五城兵馬司指揮使将一切盡收眼底,卻不得不公事公辦地朝着鎮國公拱手行禮道,“國公爺,下官是在百花樓的門前發現世子爺的,您看需不需要提了那些妓子們過來問話?”
鎮國公夫人一聽是在百花樓出的事,連忙朝着鎮國公擠眼道,“老爺,文兒都這般了,不若先請太醫來瞅瞅,旁的事情稍後再做分辨也不遲。”
鎮國公有些意外,卻忍不住微微颔首,到底是掌管偌大國公府的老娘們,關鍵時刻還是有幾分腦子的。他凝神片刻,朝着指揮使揮手道,“劉同,你且回吧,一切等這小子好利索了再說。”
劉同早有預料,這等事情各府各院都不會聲張,畢竟青樓裏争風吃醋的事兒天天有,你能算計旁人,自然得承受得住旁人的算計。劉同朝着鎮國公拱手道,“如此,下官告辭。若有需要五城兵馬司出面的地方,國公爺招呼一聲便成了。”

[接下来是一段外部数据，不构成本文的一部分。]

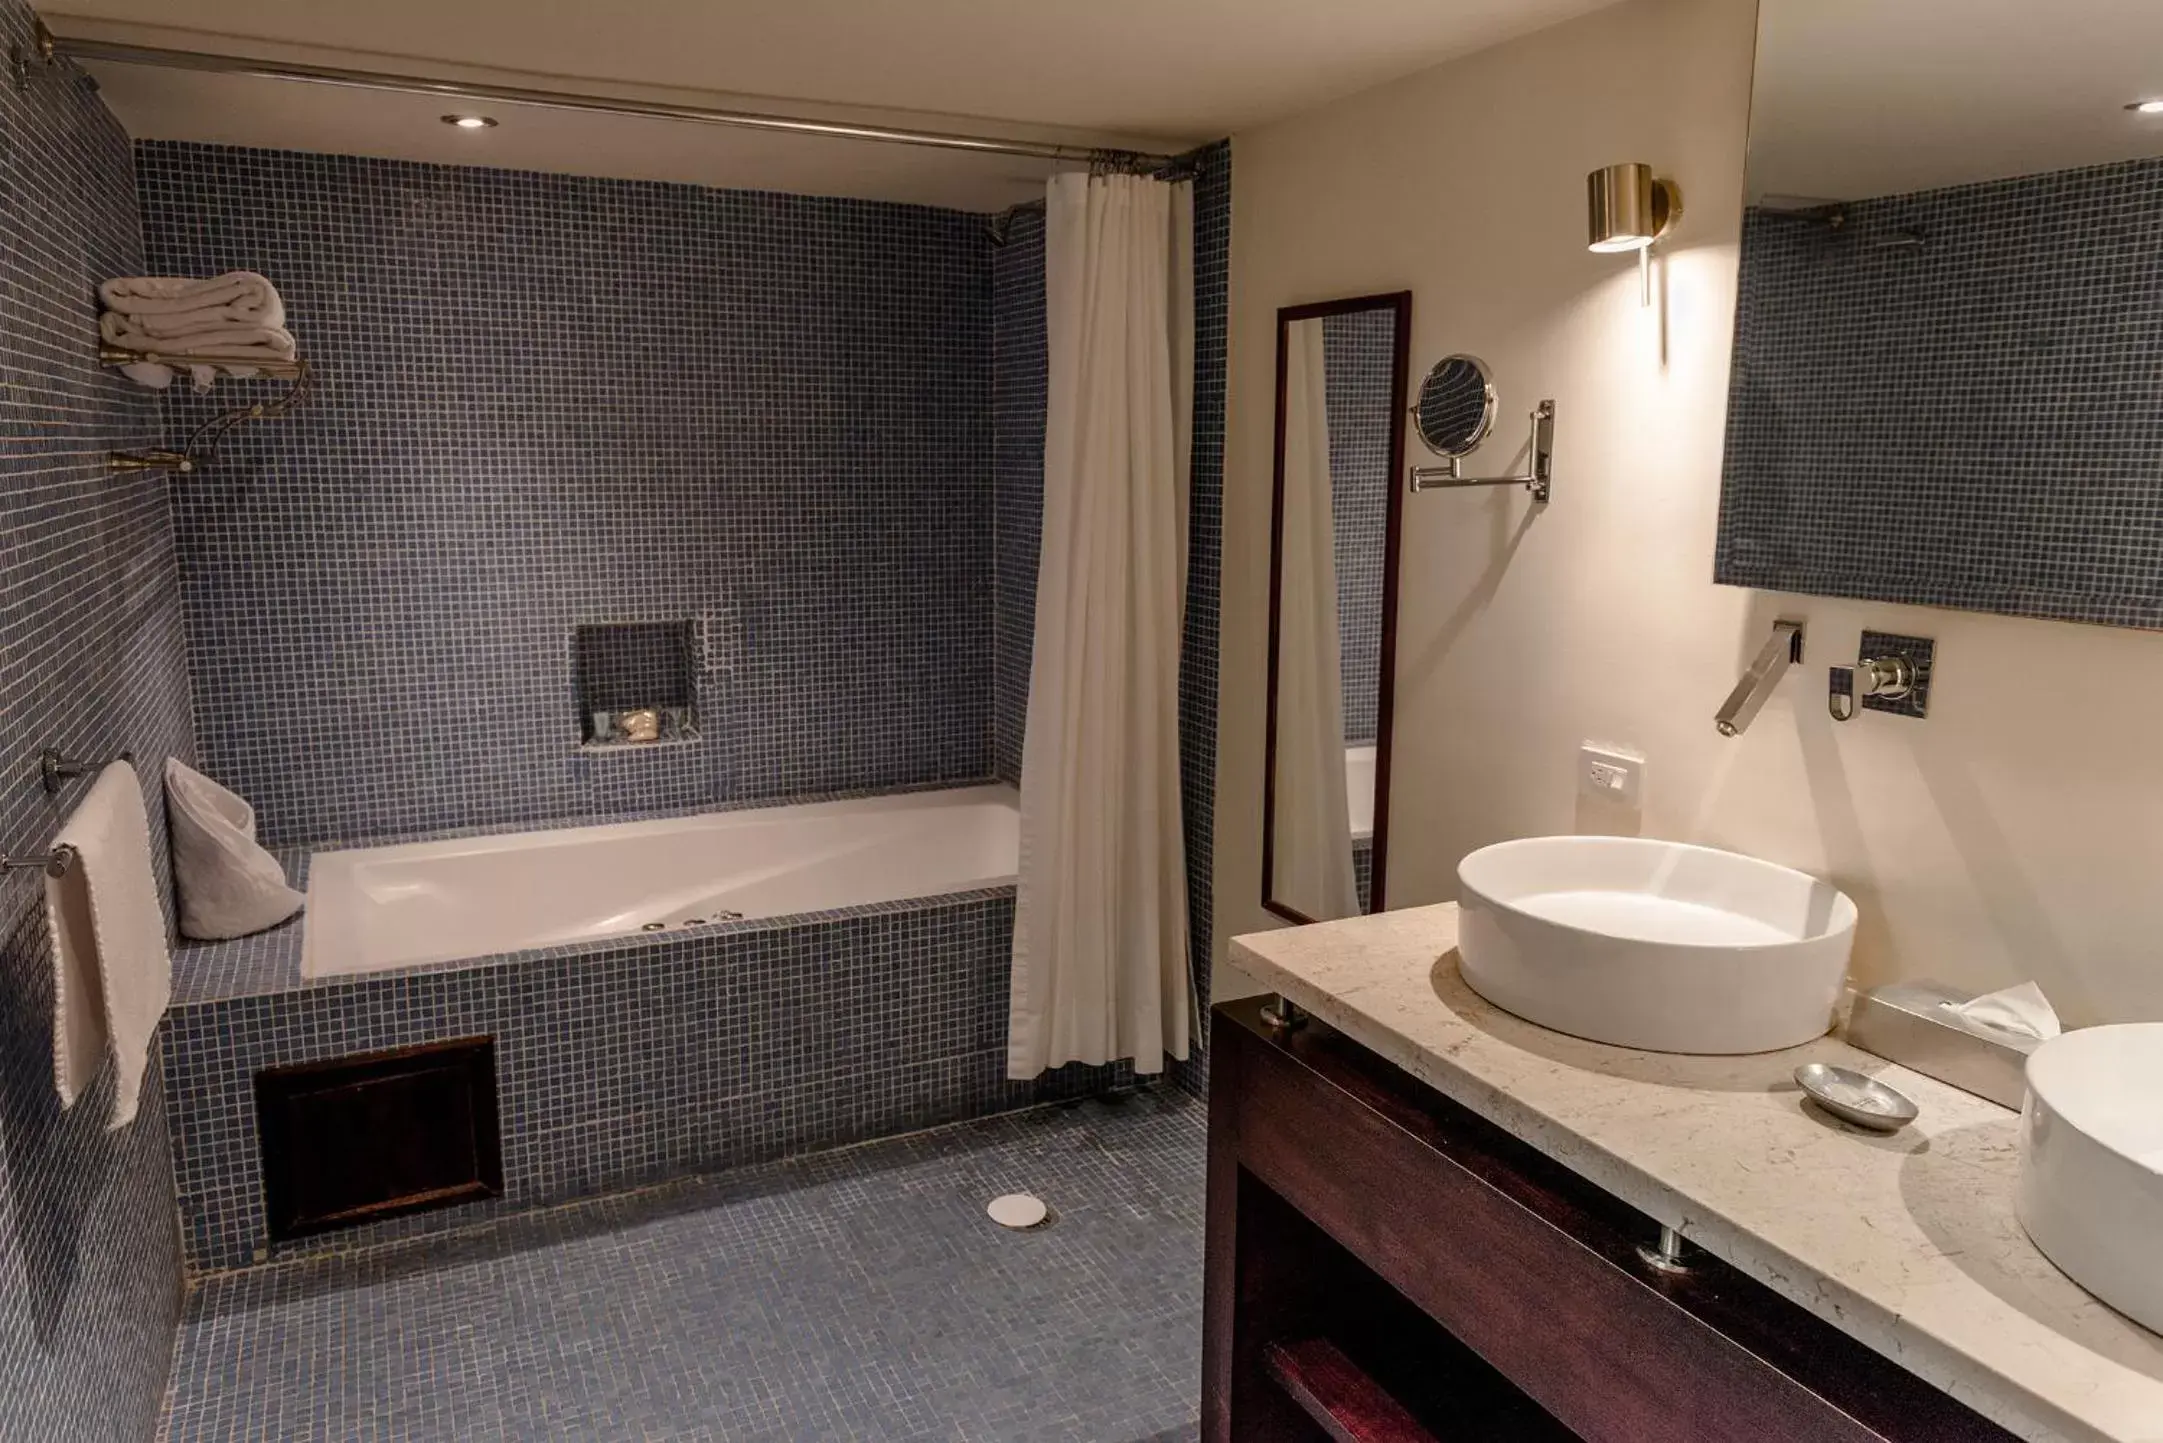 Bedroom, Bathroom in Hotel La Morada

鎮國公颔首,朝着管家打了個眼色。那管家巴巴地送了五城兵馬司的人出門,捧出一張銀票遞給劉同道,“劉指揮使,您受累了,這是國公府的一點子心意,且拿去給弟兄們喝點兒酒暖暖身子吧。”
劉同颔首,接了那銀票一看,竟是五千兩,他豪氣地揮手,領着隊伍浩浩蕩蕩地走了。唔,這大年下的,要不是世子爺說百花樓出了事兒,他也懶怠跑這一趟的,好歹有些銀子,權當給弟兄們加些年資了。
鎮國公将梅行文扯進屋裏,倒也懶怠啰嗦,直接撕了梅行文的衣裳驗傷,待瞄到某處時,卻忍不住嫌棄地看了眼梅行文,就這般的斤兩大小,也敢日日出去賣弄,他都替他臊得慌。
梅行文羞臊地遮擋着,鎮國公卻不顧他的躲閃,扯過他的胳膊便用力揉搓了幾下,疼得梅行文哭爹喊娘不止。鎮國公卻臉色陰沉冷峻道,“哼,見天胡跑亂颠,這會子惹了晦氣,且好好受着吧。”
鎮國公推門出去,梅行武忙問起求請太醫之事。鎮國公揮揮手,搖頭歎息道,“誰都不要請了,這分明是刑部逼供的手法,是用銀絲線硬生生勒出來的傷,便是請了醫正來看,也沒有法子的。”
鎮國公夫人頓時哭鬧起來,拉扯着鎮國公的手臂問道,“老爺,那該如何,文兒這般如何是好啊?”
鎮國公冷聲道:“如何,哼,隻能好生将養着,隻莫要挨着碰着,以免加劇傷勢,養上半月有餘,便也大好了。倒也罷了,這百花樓頭一份的恩客休憩在家,連花街柳巷也消停些,倒是難得有這般積年的好事。”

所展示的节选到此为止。